Growth tradeoffs produce complex microbial communities on a single limiting resource

TL;DR

This study demonstrates that variations in microbial growth traits on a single resource can generate complex community dynamics, including multistability and non-transitive interactions, without the need for additional ecological interactions.

Contribution

It reveals that higher-order ecological effects can emerge solely from trait variation in microbial growth on a single resource, expanding understanding of community complexity.

Findings

Multiple strains can coexist with multistability and neutral coexistence.

Pairwise coexistence does not guarantee coexistence in larger communities.

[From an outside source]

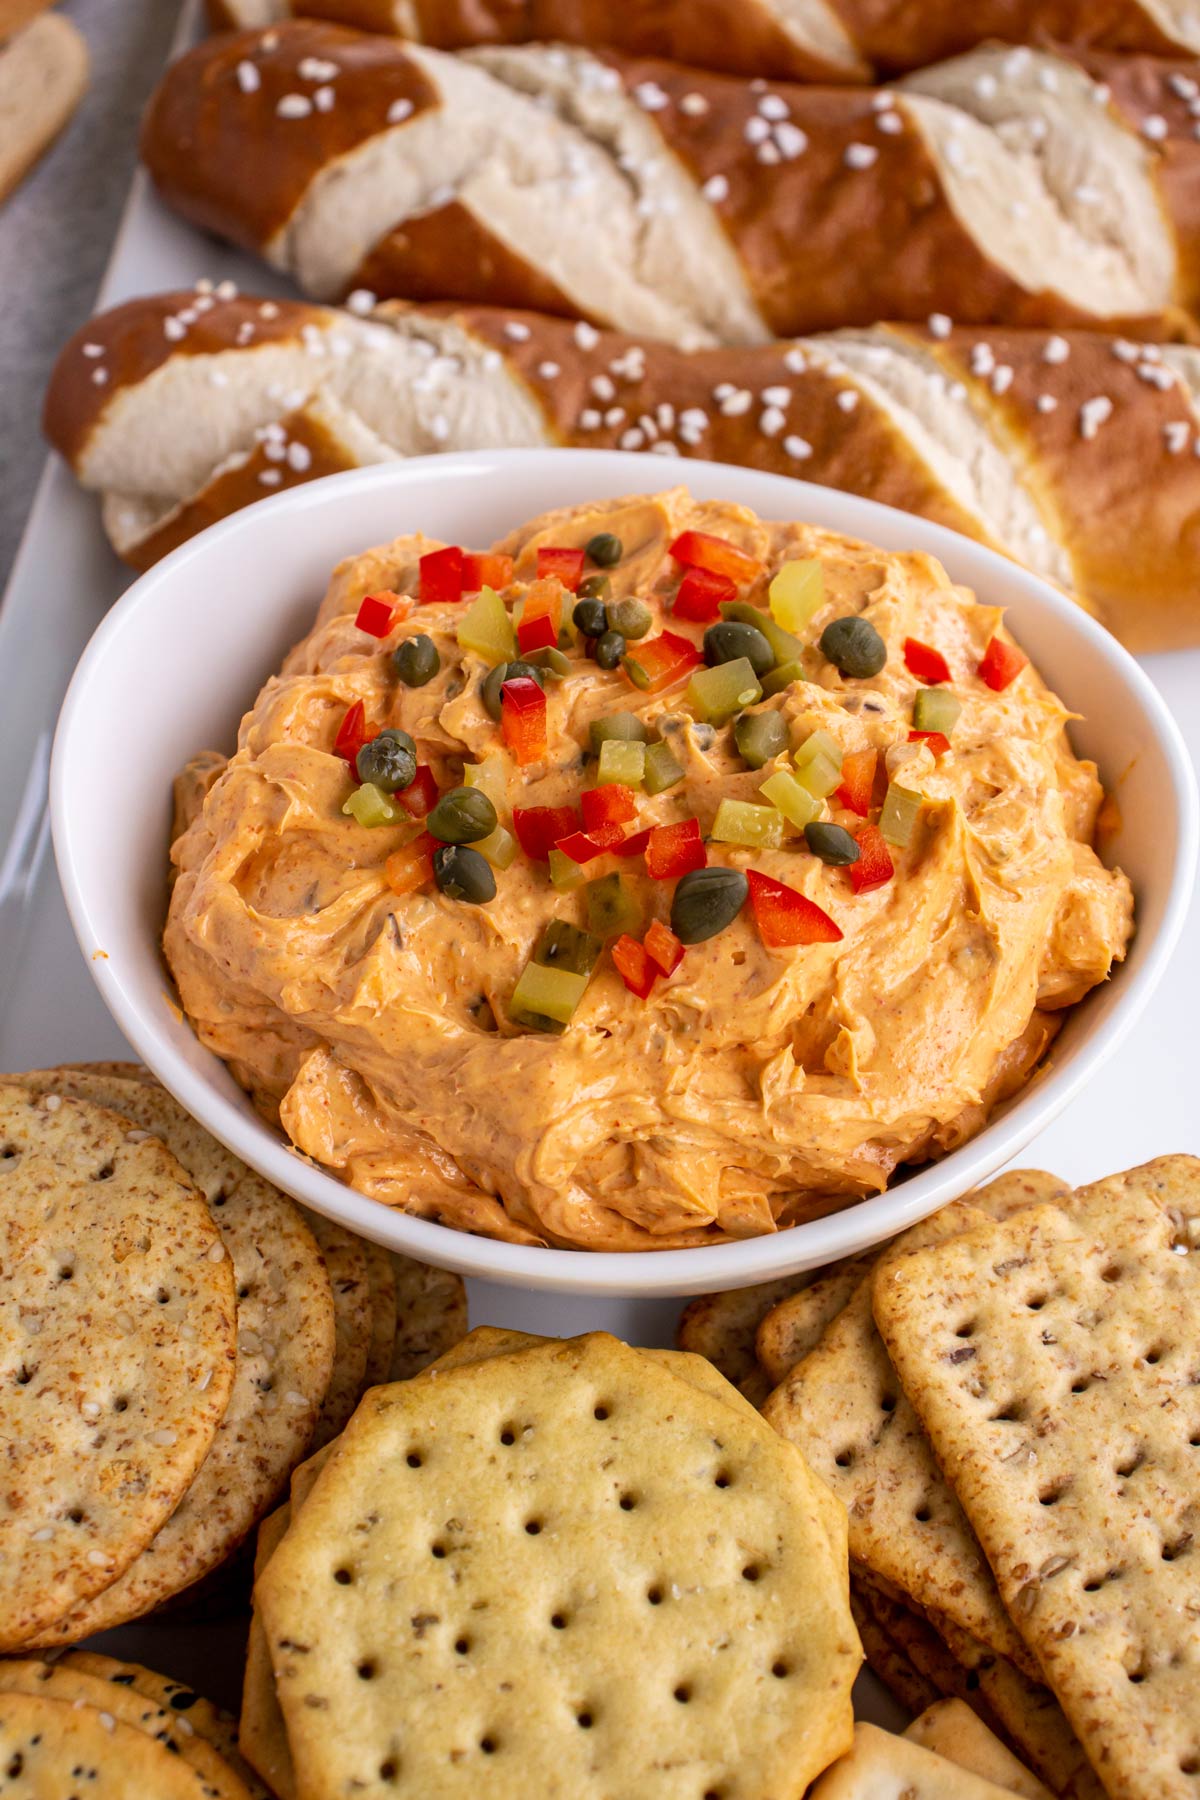 Liptauer cheese spread in a white bowl surrounded by crackers and soft pretzels sticks.
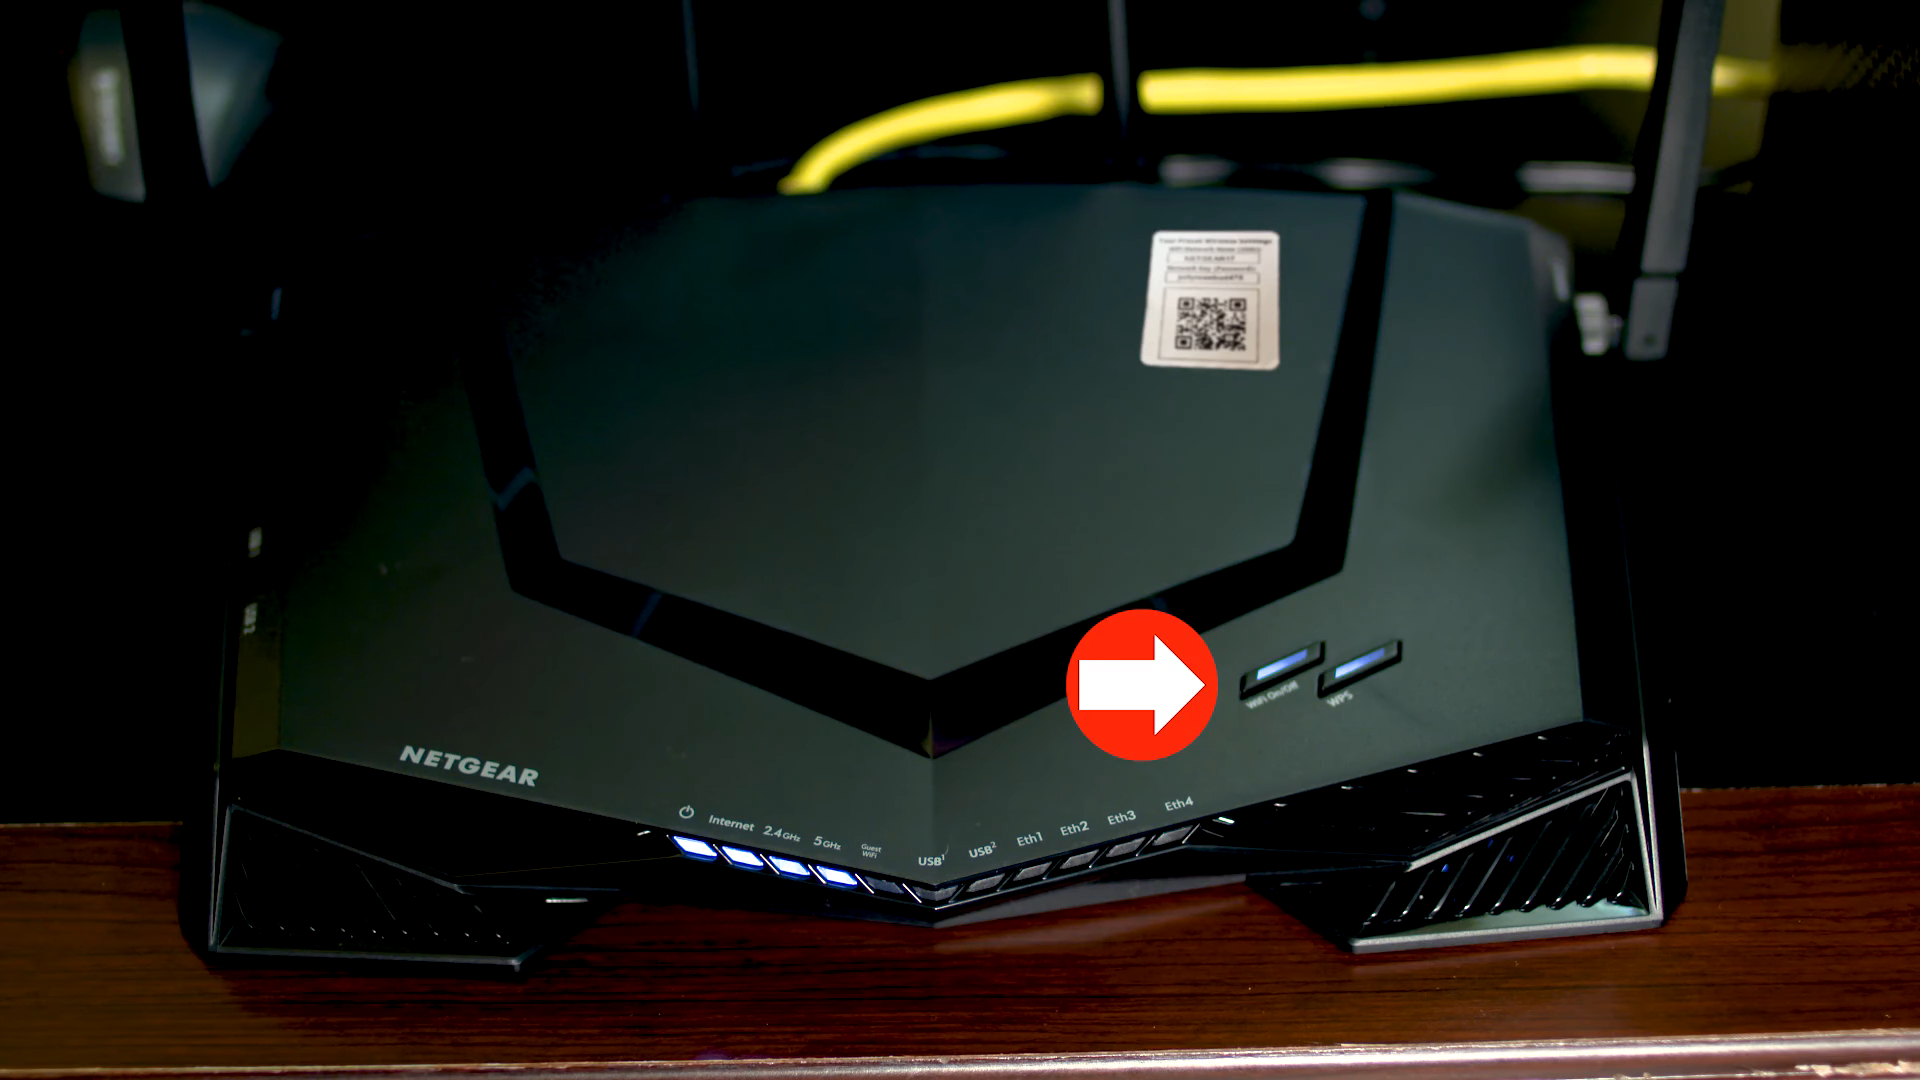 how-to-nergear-nighthawk-pro-gaming-xr500-router-easy-setup

The best competitor in pairwise tests may not dominate in mixed communities.

Abstract

The relationship between the dynamics of a community and its constituent pairwise interactions is a fundamental problem in ecology. Higher-order ecological effects beyond pairwise interactions may be key to complex ecosystems, but mechanisms to produce these effects remain poorly understood. Here we show that higher-order effects can arise from variation in multiple microbial growth traits, such as lag times and growth rates, on a single limiting resource with no other interactions. These effects produce a range of ecological phenomena: an unlimited number of strains can exhibit multistability and neutral coexistence, potentially with a single keystone strain; strains that coexist in pairs do not coexist all together; and the champion of all pairwise competitions may not dominate in a mixed community. Since variation in multiple growth traits is ubiquitous in microbial populations due to pleiotropy and non-genetic variation, our results indicate these higher-order effects may also be widespread, especially in laboratory ecology and evolution experiments.